HOW TO COMPLETE THIS TASK. The response should repeat word for word every line below from the one with "DIY Beetlejuice tree ornaments tutorial." to the one with "Back of pink bag", inclusive, and nothing else; leave pictures out.

PROVIDED DATA.
* * *

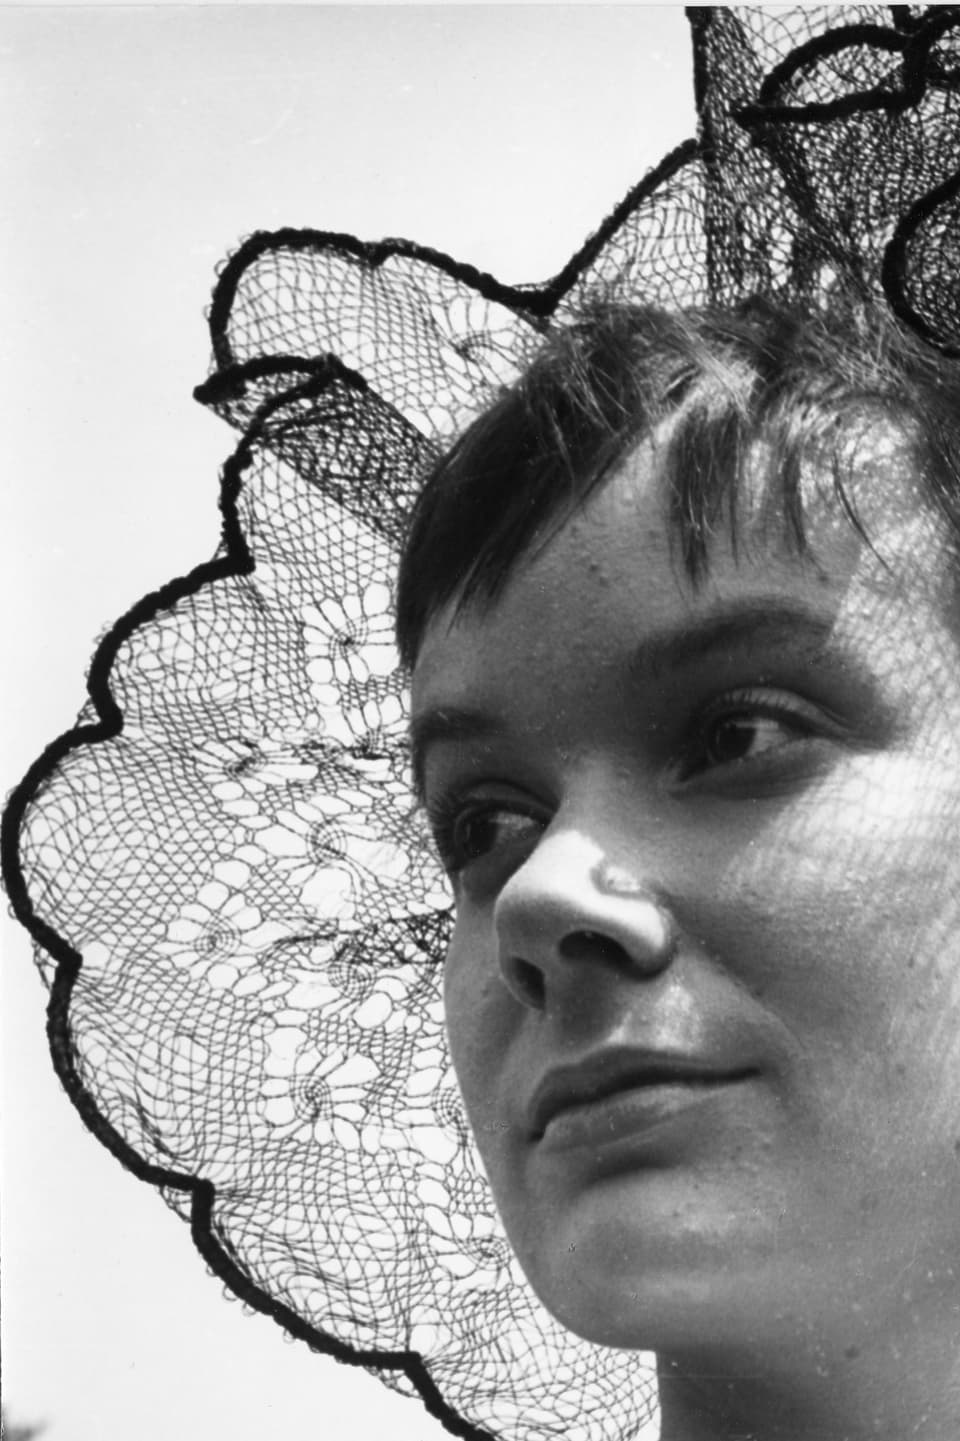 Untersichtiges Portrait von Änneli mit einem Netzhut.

* * *

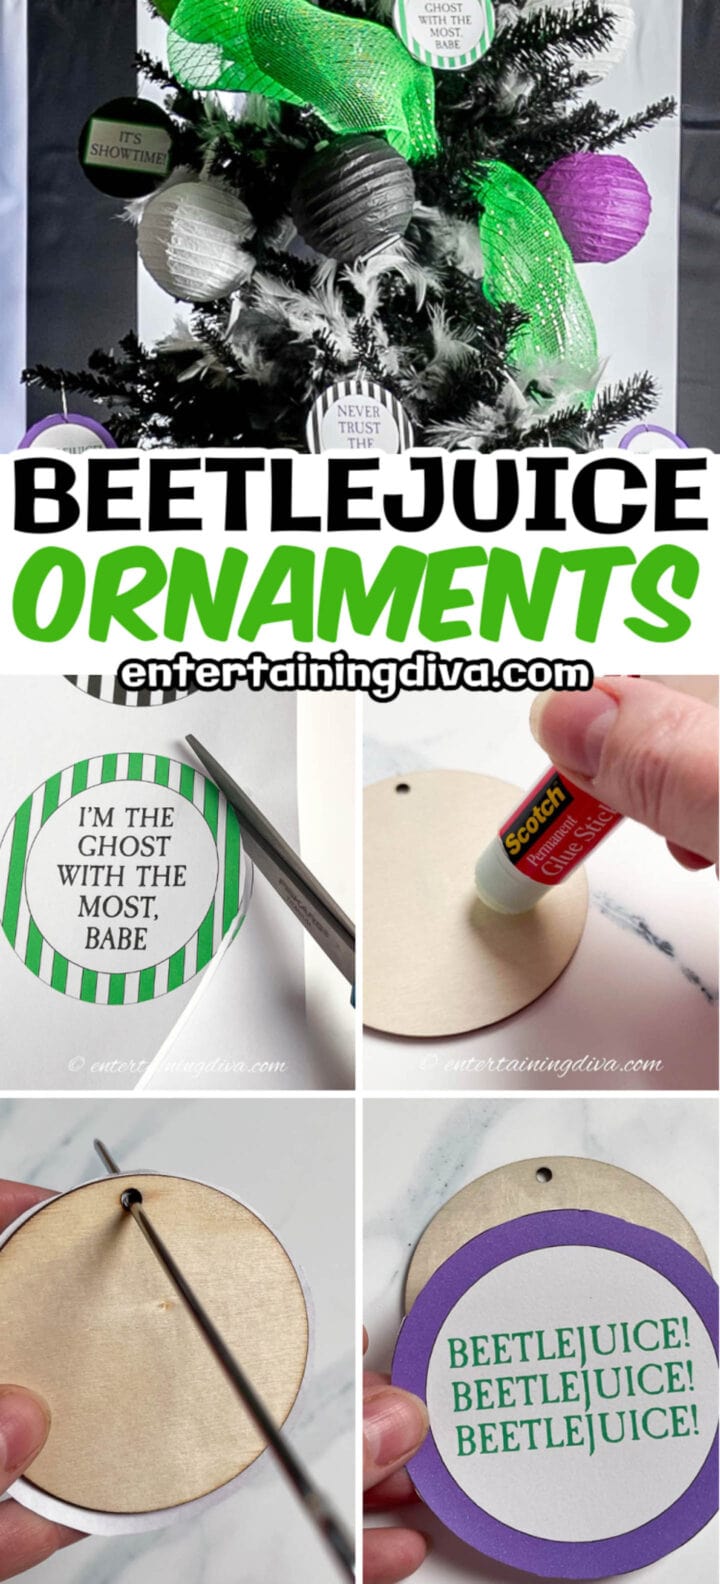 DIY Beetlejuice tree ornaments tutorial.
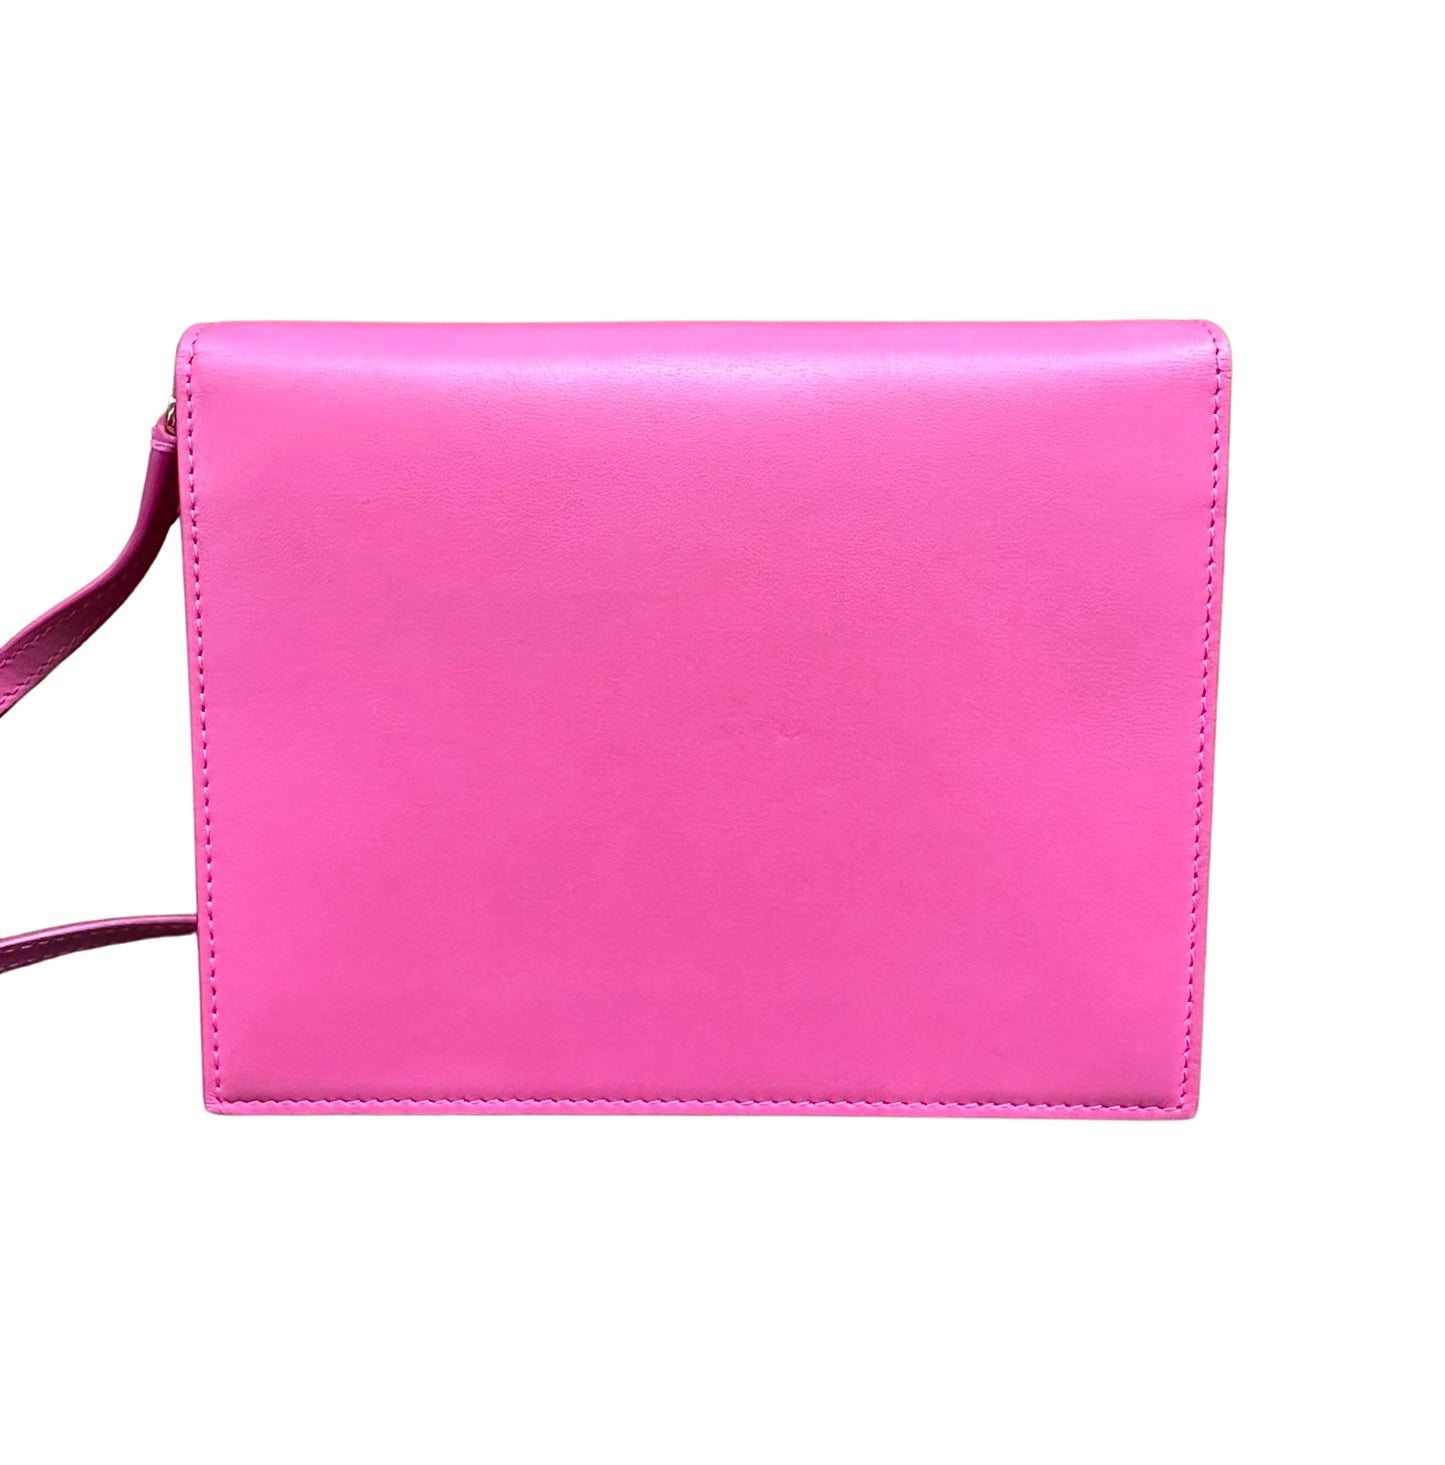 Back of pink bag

* * *

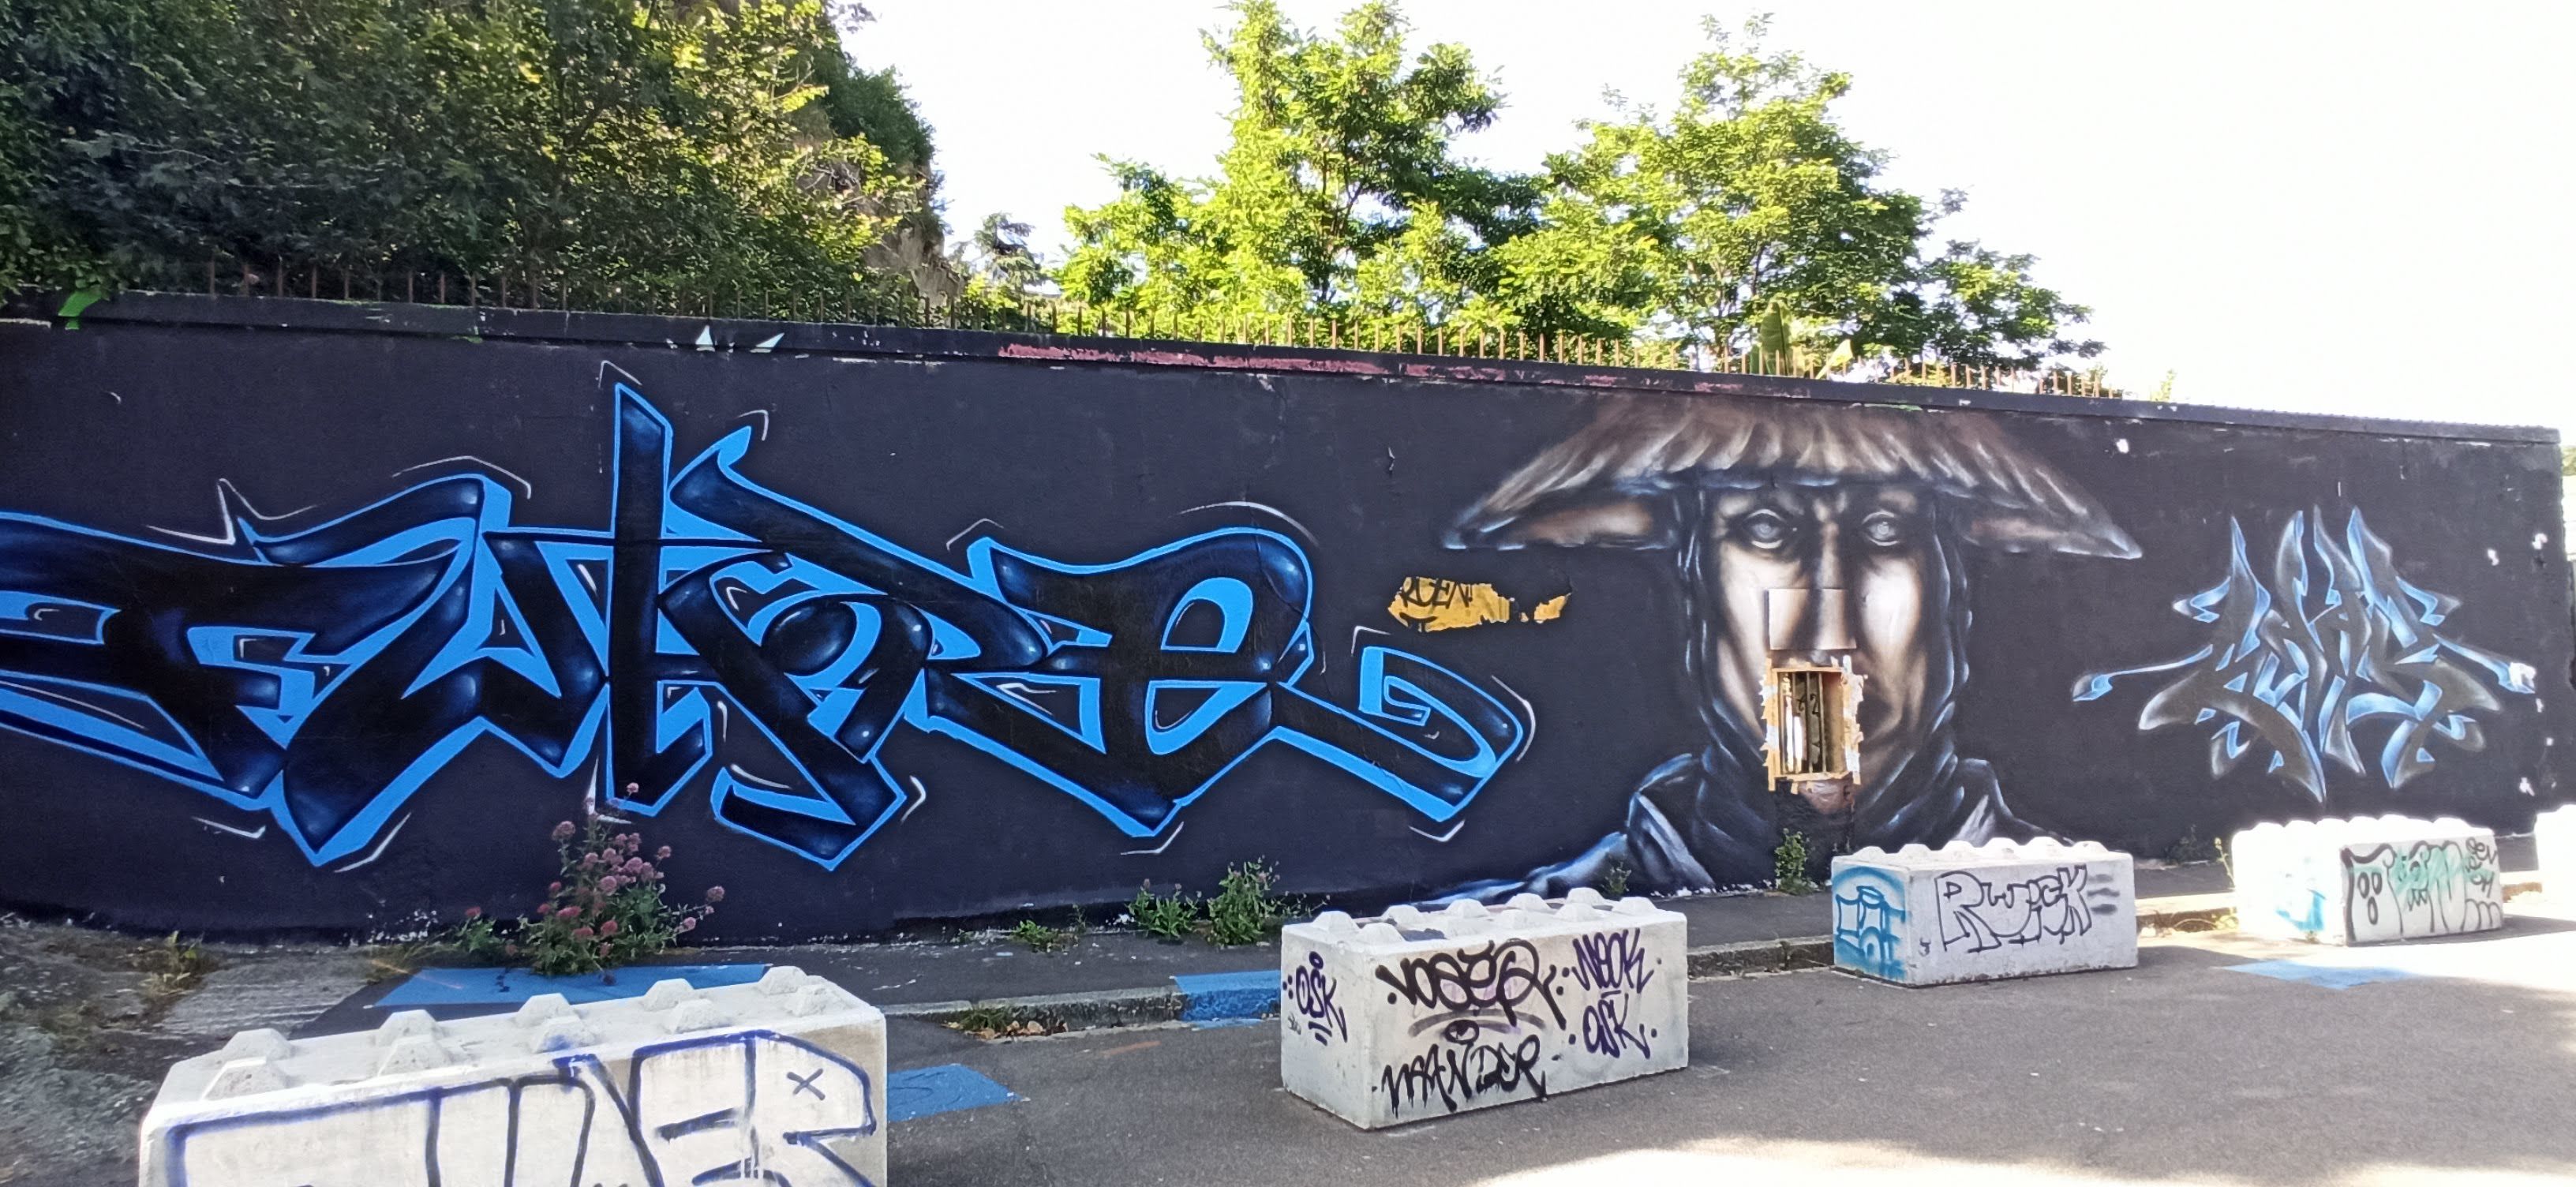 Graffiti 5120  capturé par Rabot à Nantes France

* * *

FINISHED TASK.
 DIY Beetlejuice tree ornaments tutorial.
 Back of pink bag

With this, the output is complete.